The general formula is pixmap.n = pixmap.colorspace.n + alpha if the pixmap has a colorspace at all. If the colorspace is None, then the pixmap.samples so to say only consist of alpha bytes, and it is nothing else than the alpha channel separated off of another pixmap in the PDF. With PyMuPDF, you can also convert such extreme cases to "normal" pixmaps - please see the pixmap chapter of the docu.

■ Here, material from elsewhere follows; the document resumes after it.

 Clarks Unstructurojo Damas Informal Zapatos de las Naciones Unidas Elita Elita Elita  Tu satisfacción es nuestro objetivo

For extracting images from documents covering all the various possible situations, there are now 4 different scripts in the demo directory:

extract-img1.py - This demo extracts all images of a PDF as PNG files that are referenced by pages. It will check if the same image is referenced by multiple pages, if an image is just an "SMask", and also converts CMYK images to PNGs.
extract-img2.py - This demo extracts all images of a PDF as PNG files, whether they are referenced by pages or not. This is a fault tolerant version and works for many even heavily damaged PDFs. It also tries to avoid "trivial" pictures (e.g. things like blue rectangles), or pictures that are very small.
extract-img3.py - Similar to extract-img1.py, but it avoids using pixmaps where possible. This means that you will e.g. get JPEG images if the original image was of that format. Also automatically recognizes "SMask" images and avoids extracting them as standalone files.
extract-img4.py - In contrast to the other 3 scripts, this one works for all document types. It extracts images appearing on document pages and stores them with their original file extension where this is possible. In the general case, the same underlying image file can appear in different renderings on different pages, so recognition of duplicates will not safely work.

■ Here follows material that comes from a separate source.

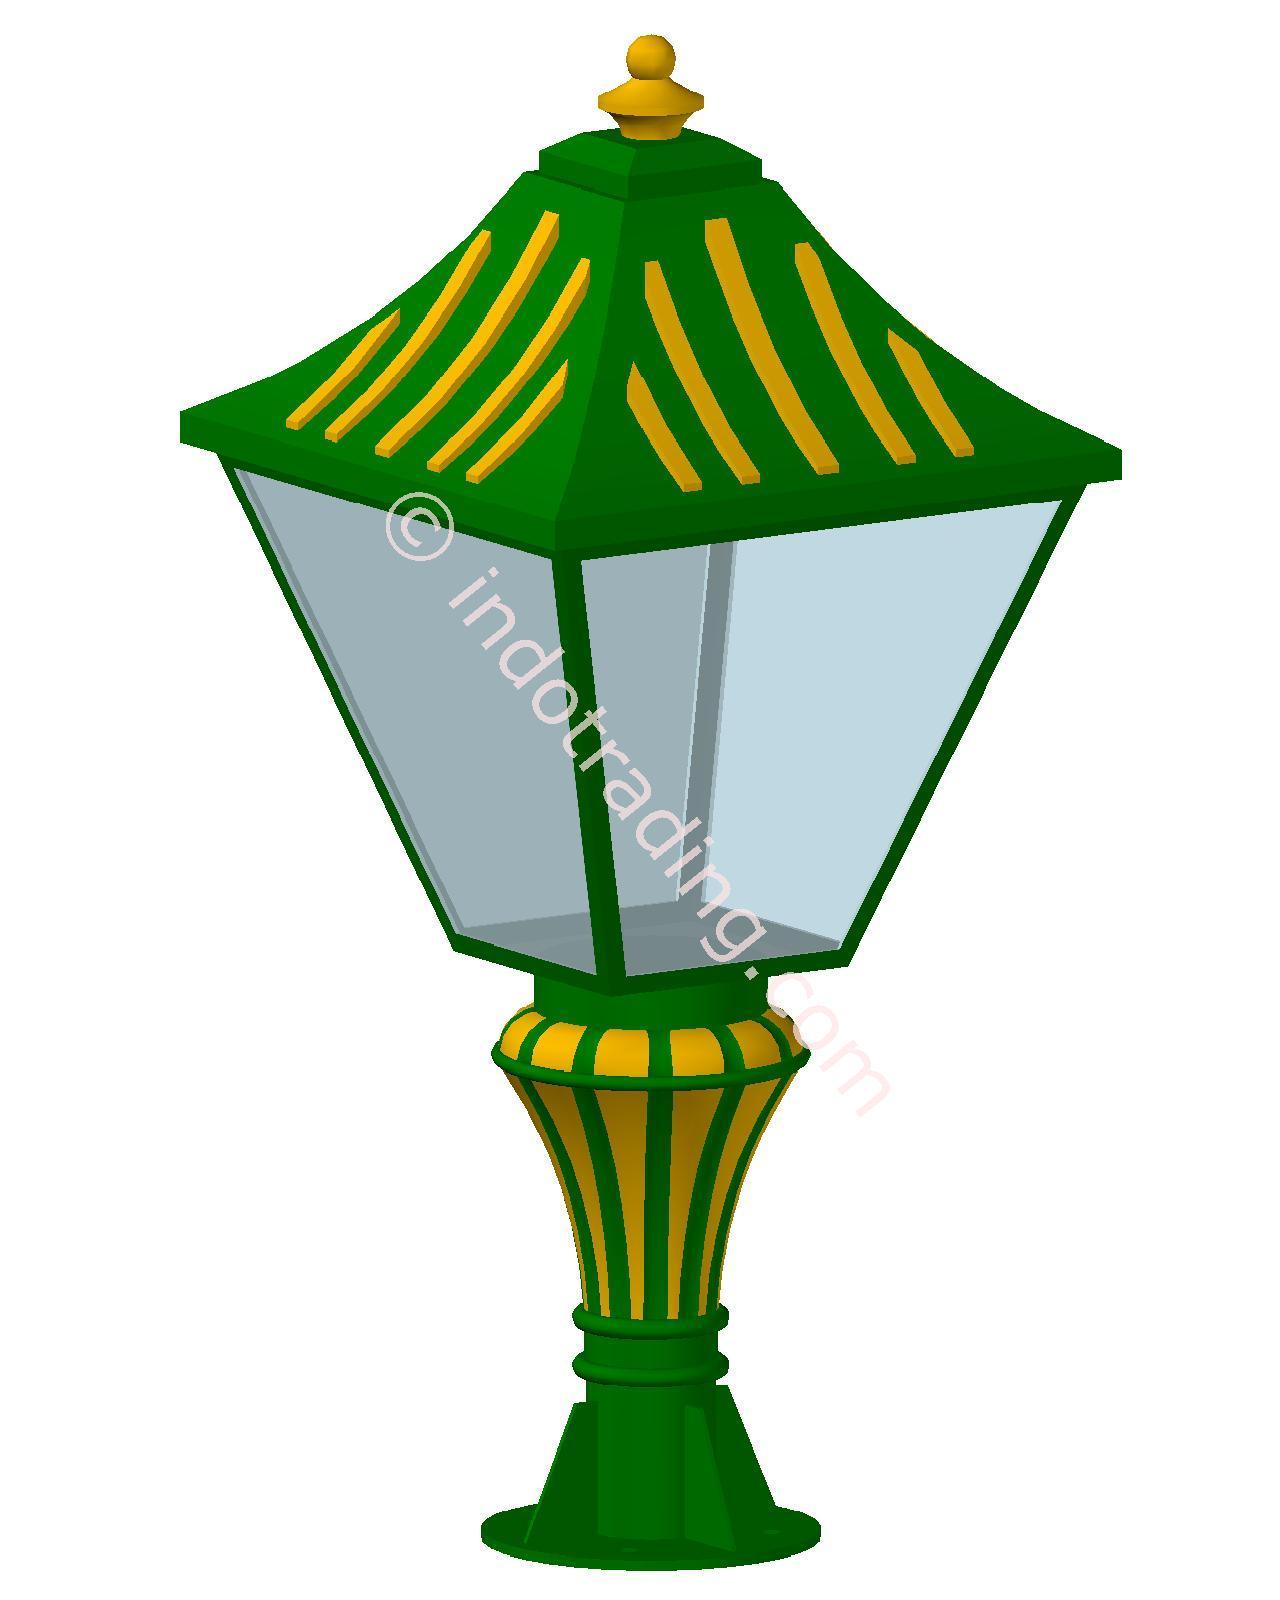 Jual Lampu Pilar Antik Type Tulip T.90.Cm Harga Murah

JorjMcKie commented 6 years ago

Could I help you? Any more info needed?

JorjMcKie commented 6 years ago

I should have added a remark to pixmaps without colorspace: Not all PDFs contain images with transparency property. Or a b/w only image. Only in such cases the above problem occurs.

Whenever you encounter a pixmap with colorspace "None", you can either just skip it (which is safe for those that are "SMasks" = transparency info), or you can convert it to a pixmap with valid colorspace via

>>> mask                       # SMasks pixmaps look like this:
fitz.Pixmap(None, fitz.IRect(0, 0, 1168, 823), 1)
>>> pix = fitz.Pixmap(mask.getPNGData()) # convert it to "normal"
>>> pix
fitz.Pixmap(DeviceGRAY, fitz.IRect(0, 0, 1168, 823), 0)
>>> # if required, invert the gray values
>>> pix.invertIRect()

manish59 commented 6 years ago

I was succesuffly extracted with your suggestion. Thanks for the help. I have another problem when I extracted the image it is getting upside down or landscape but it is normal in the actual pdf. When the chcecked the doc.rotation it gives me 0 degrees. Do you have any suggestions to fix this problem or how to identify the orientiation of the page

JorjMcKie commented 6 years ago

For a PDF, you can use Page.rotation. Should give you some integer multiple of 90°. I am not sure about your overall intention - but maybe an alternative approach for extracting images will help you:

If you are actually not interested to know which image appears on which page, you can directly scan through all objects of the PDF. This ingores the pages (and consequently does not need the page tree). If an object is an image, extract it, and:

either directly store it away with its original file extension (jpeg, tiff, whatever), or,
if an SMask is specified, only then convert it to a Pixmap with the SMask applied, and then store it as a PNG.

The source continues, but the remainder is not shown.